Spatiotemporal patterns of urban forest carbon sequestration capacity: Implications for urban CO2 emission mitigation during China's rapid urbanization

Abstract

Urban forests provide ecological functions and human well-being. However, spatiotemporal changes in urban forest carbon sequestration (CS) under rapid urbanization remain poorly understood. We established a model to predict the annual CS dynamics in urban forests based on plot-measured CS and Landsat images. Our results showed that the urban forest coverage in Changchun increased from 18.09 % to 24.01 % between 2000 and 2019, especially in the urban suburbs. However, urban forest patches became more fragmented and less connected, particularly in the urban center. The NDVI is better than other vegetation indices for mapping urban forest CS. We observed a gradual increase in urban forest CS capacity from 2000 to 2019, with higher CS capacity found in urban suburbs compared to urban centers.
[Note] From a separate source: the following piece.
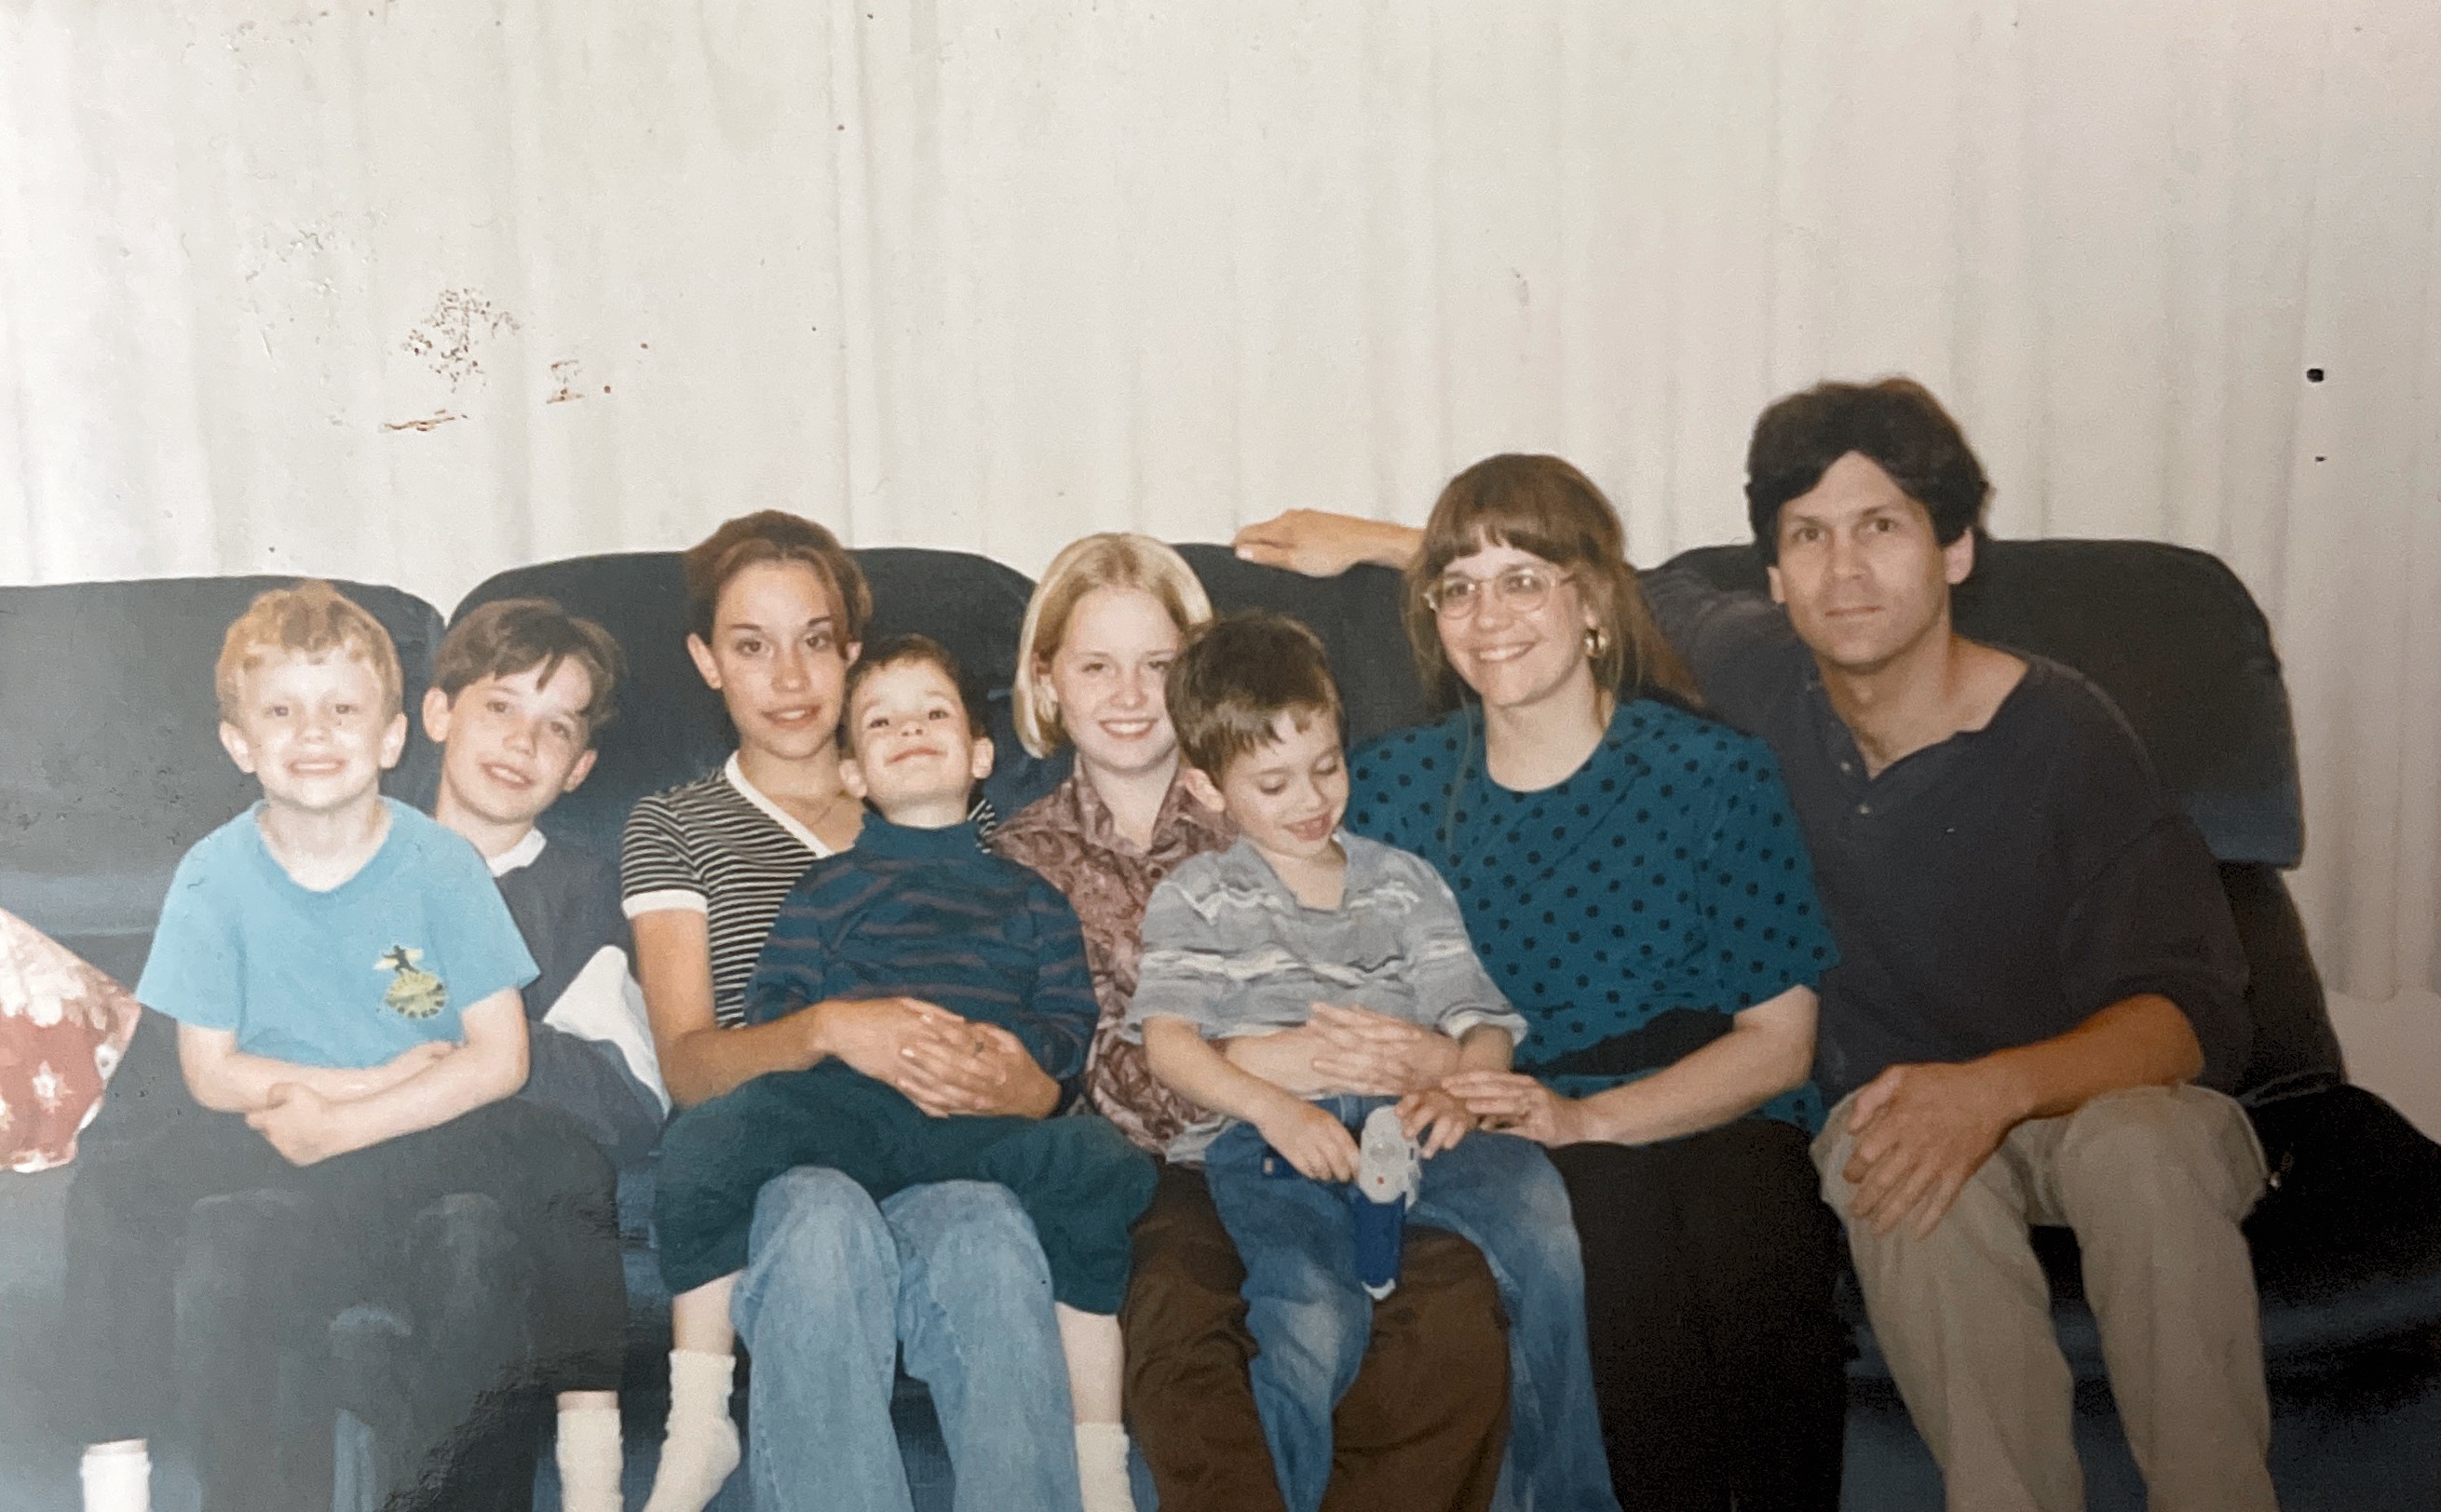 One of our first family photos around 1997 at 82 Hylebos Ave Milton WA

The class distribution of urban forest CS capacity was skewed toward low values (0–2 g·m−2·d−1), but this tendency diminished gradually. In 2000, the urban forest in Changchun offset approximately 2.11 % of carbon emissions but declined to 0.88 % by 2019 due to increased carbon emissions. Rapid urbanization was the main factor affecting CS, with impervious surface area accounting for 48.7 % of the variation. Urban landscape pattern indices also influenced the CS, with higher forest patch connectivity and lower patch density leading to greater CS capacity. Our study helps urban managers develop urban greening strategies for carbon neutrality and low-carbon city.